Data science is indeed a fascinating subject. As I said in the introduction, those who want to delve into its meanders need to be well trained in mathematics and statistics. Working with data that has been interpolated incorrectly renders any result about it useless. The same goes for data that has been extrapolated incorrectly or sampled with the wrong frequency. To give you an example, imagine a population of individuals that are aligned in a queue. If, for some reason, the gender of that population alternated between male and female, the queue would be something like this: F-M-F-M-F-M-F-M-F...

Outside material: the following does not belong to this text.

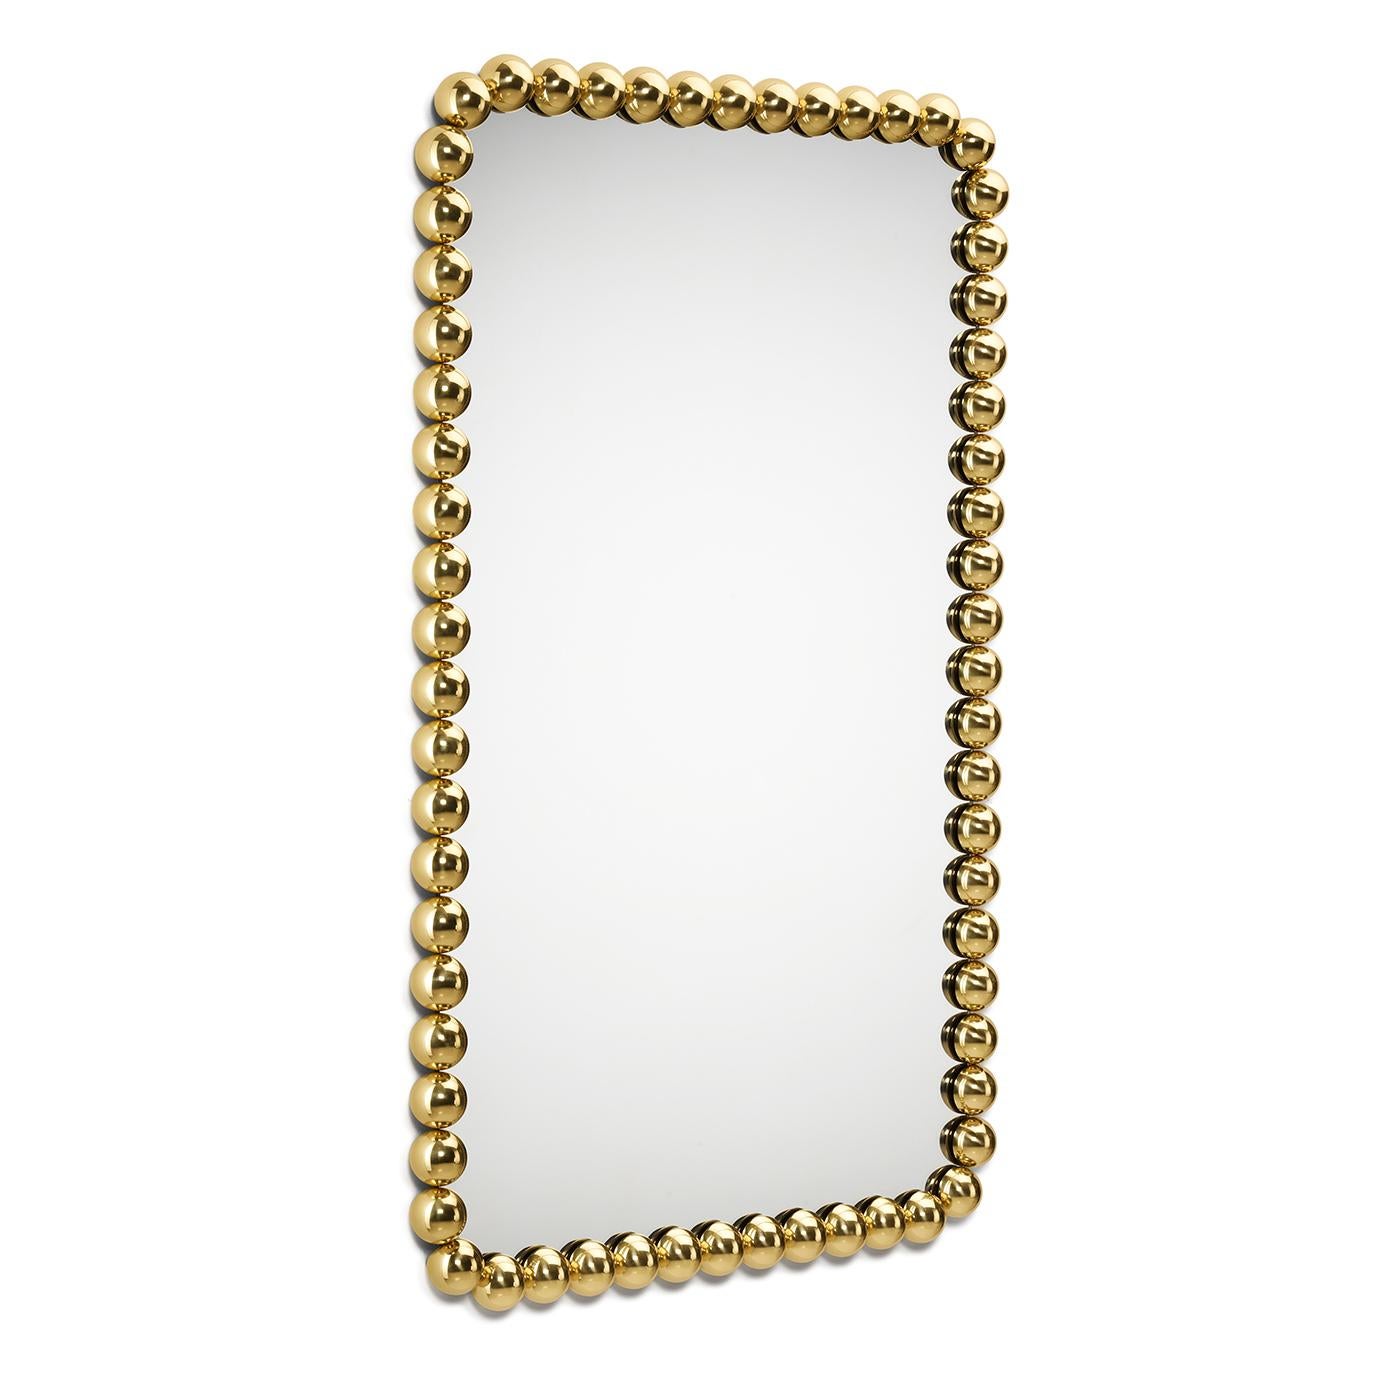 Dieser stilvolle Spiegel von Nika Zupanc, der über einem Waschbecken, einem Beistelltisch oder einem Waschtisch in modernen Luxuswohnungen angebracht wird, besticht durch seine unverwechselbare juwelenartige Ausstrahlung. Eine Reihe goldfarbener

If you sampled it taking only the even elements, you would draw the conclusion that the population was made up only of males, while sampling the odd ones would tell you exactly the opposite.

Of course, this was just a silly example, I know, but believe me it's very easy to make mistakes in this field, especially when dealing with big data where sampling is mandatory and therefore, the quality of the introspection you make depends, first and foremost, on the quality of the sampling itself.

When it comes to data science and Python, these are the main tools you want to look at:

  • NumPy (http://www.numpy.org/): This is the fundamental package for scientific computing with Python. It contains a powerful N-dimensional array object, sophisticated (broadcasting) functions, tools for integrating C/C++ and Fortran code, useful linear algebra, Fourier transform, random number capabilities, and much more.
  • Scikit-Learn (http://scikit-learn.org/stable/): This is probably the most popular machine learning library in Python. It has simple and efficient tools for data mining and data analysis, accessible to everybody, and reusable in various contexts. It's built on NumPy, SciPy, and Matplotlib.
  • Pandas (http://pandas.pydata.org/): This is an open source, BSD-licensed library providing high-performance, easy-to-use data structures, and data analysis tools. We've used it throughout this whole chapter.
  • IPython (http://ipython.org/) / Jupyter (http://jupyter.org/): These provide a rich architecture for interactive computing.
  • Matplotlib (http://matplotlib.org/): This is a Python 2D plotting library that produces publication-quality figures in a variety of hard copy formats and interactive environments across platforms. Matplotlib can be used in Python scripts, the Python and IPython shell and notebook, web application servers, and six graphical user interface toolkits.
  • Numba (http://numba.pydata.org/): This gives you the power to speed up your applications with high performance functions written directly in Python. With a few annotations, array-oriented and math-heavy Python code can be just-in-time compiled to native machine instructions, similar in performance to C, C++, and Fortran, without having to switch languages or Python interpreters.
  • Bokeh (http://bokeh.pydata.org/en/latest/): It's a Python-interactive visualization library that targets modern web browsers for presentation. Its goal is to provide elegant, concise construction of novel graphics in the style of D3.js, but also deliver this capability with high-performance interactivity over very large or streaming datasets.

Other than these single libraries, you can also find ecosystems such as SciPy (http://scipy.org/) and Anaconda (https://www.continuum.io/), which bundle several different packages in order to give you something that just works in an "out-of-the-box" fashion.

Installing all these tools and their several dependencies is hard on some systems, so I suggest that you try out ecosystems as well and see if you are comfortable with them. It may be worth it.